Selecting prediction variants based on their association with a trait could result in prediction bias. While there was bias in all our results, the inclusion of QTL markers did not consistently increase the bias, i.e. it increased or decreased depending on the set of QTL markers used. Regression coefficients were always less than 1, which indicates that the GEBV were overestimated for the test animals. This may be due to inflated GEBV and strong selection of individuals in the test population for the traits in the analyses. Furthermore, this effect of selection was increased by the fact that the sires used for prediction were removed from the reference population.
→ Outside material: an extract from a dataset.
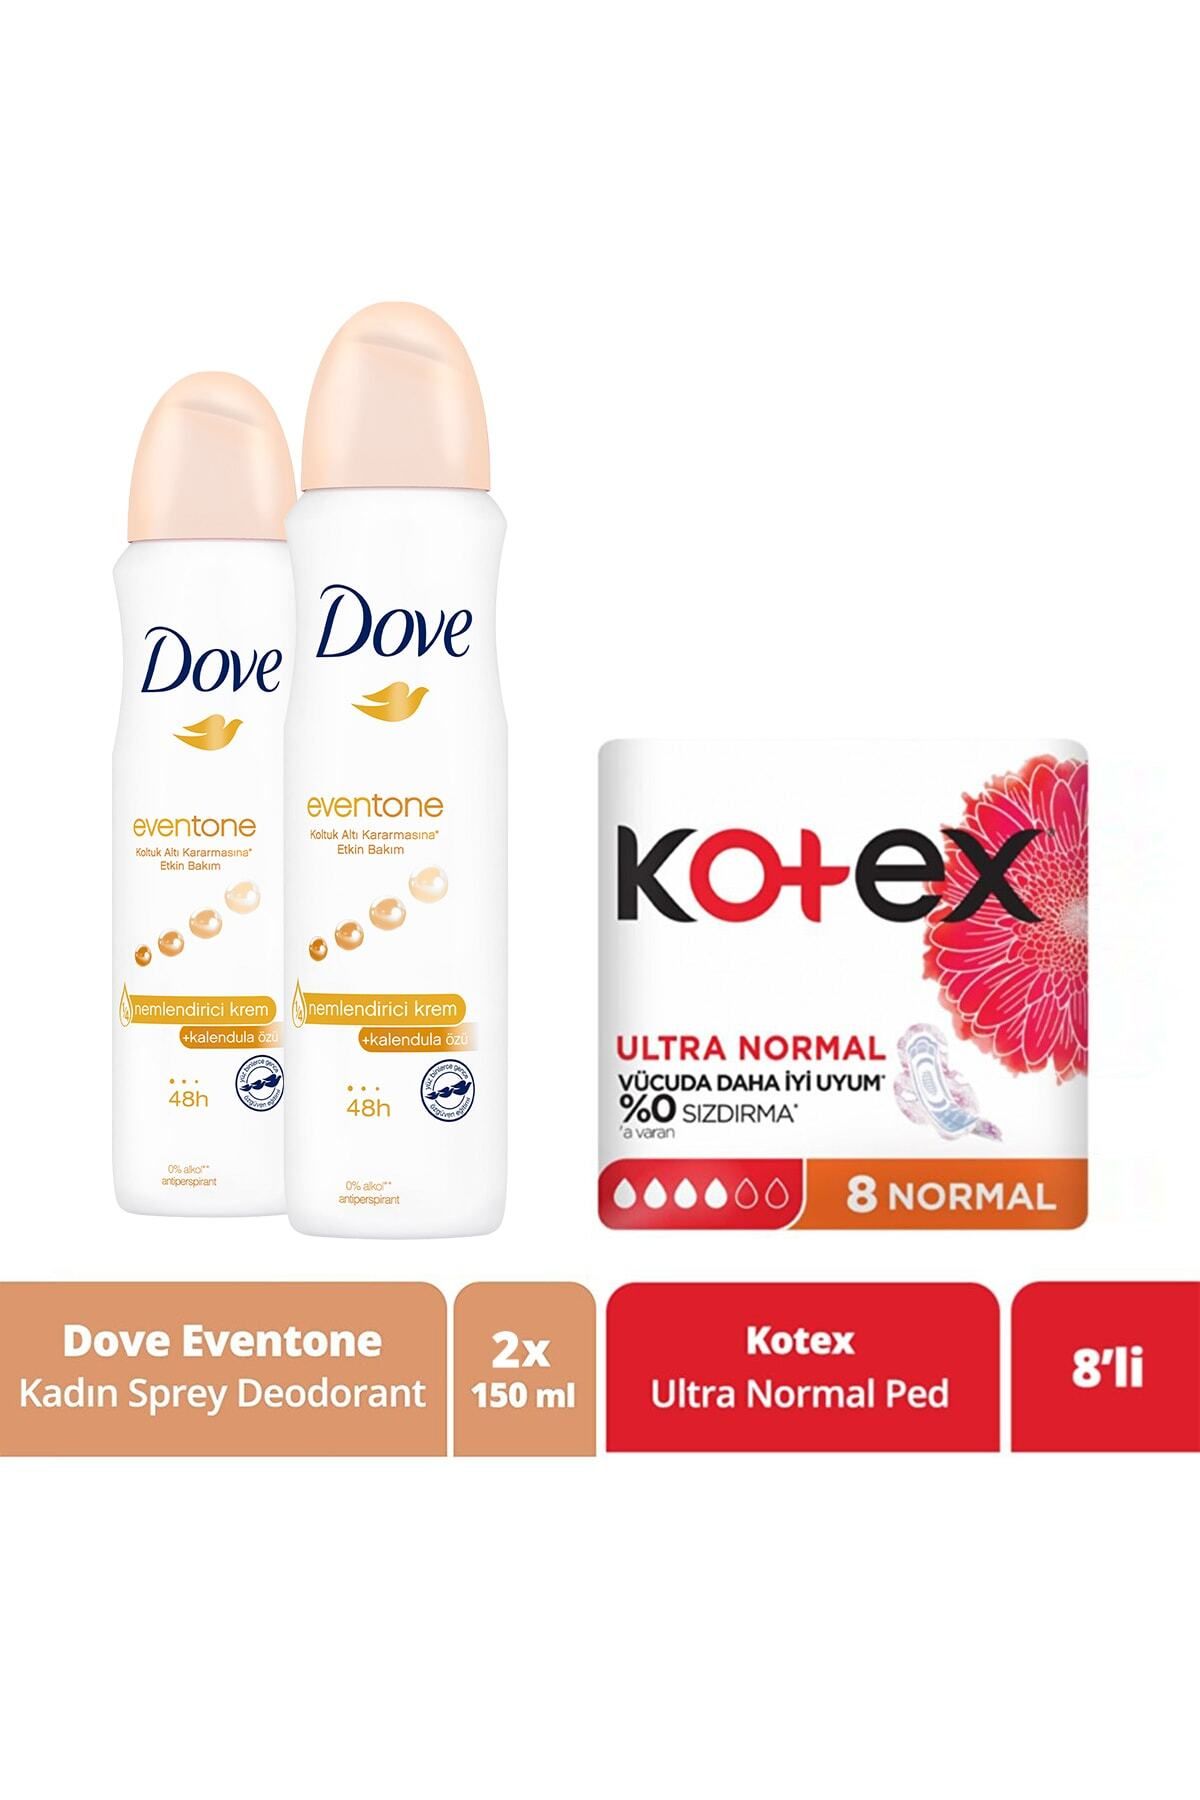 Dove Kadın Sprey Deodorant Eventone 150 ml x2 + Kotex Ped Ultra Normal 8'li

While some sets of QTL markers resulted in substantial increases in prediction reliability for the populations that were tested in our study, this may not be true for other populations. The optimal set of prediction markers differed between populations, and the sets that we identified are not necessarily the best sets for other populations. Furthermore, we studied milk traits for which few QTL are known to have large effects. Increasing prediction reliability by adding sequence variants is likely to be more challenging for more polygenic traits. Brøndum et al. [17] found smaller increases in prediction reliability for mastitis and fertility than for production traits. Our results do not provide a list of markers that increase prediction, but they do demonstrate that sequence variants can potentially increase prediction reliability. In our analyses, we tested a large number of prediction sets, which is not practical for routine genomic evaluation. An alternative could be to make a less stringent selection of prediction markers, but subsequently use a more sophisticated prediction model, that allows marker effects to differ between breeds and traits. Further research is required to develop a more practical way to exploit sequence data for genomic prediction.

Conclusions

Prediction reliability increased substantially for all breeds and traits when sequence variants selected from a GWAS were used for genomic prediction. Even for within-breed prediction, a multi-breed GWAS was more efficient in identifying variants that increase prediction reliability than within-breed GWAS. Prediction reliabilities were highly sensitive to the choice of prediction markers, and limiting the number of variants per QTL region led to higher prediction reliabilities than selecting them on the basis of a p value threshold. While the highest prediction reliabilities were obtained within breed, multi-breed prediction reliabilities were higher than multi-breed prediction reliabilities when using only 50 K SNPs, and across breed genomic correlations of QTL variants were much higher than those obtained at 50 K SNPs. Our results show that sequence data can potentially increase reliabilities of genomic predictions, if the proper variants are used, which is more likely if they are selected from a multi-breed GWAS.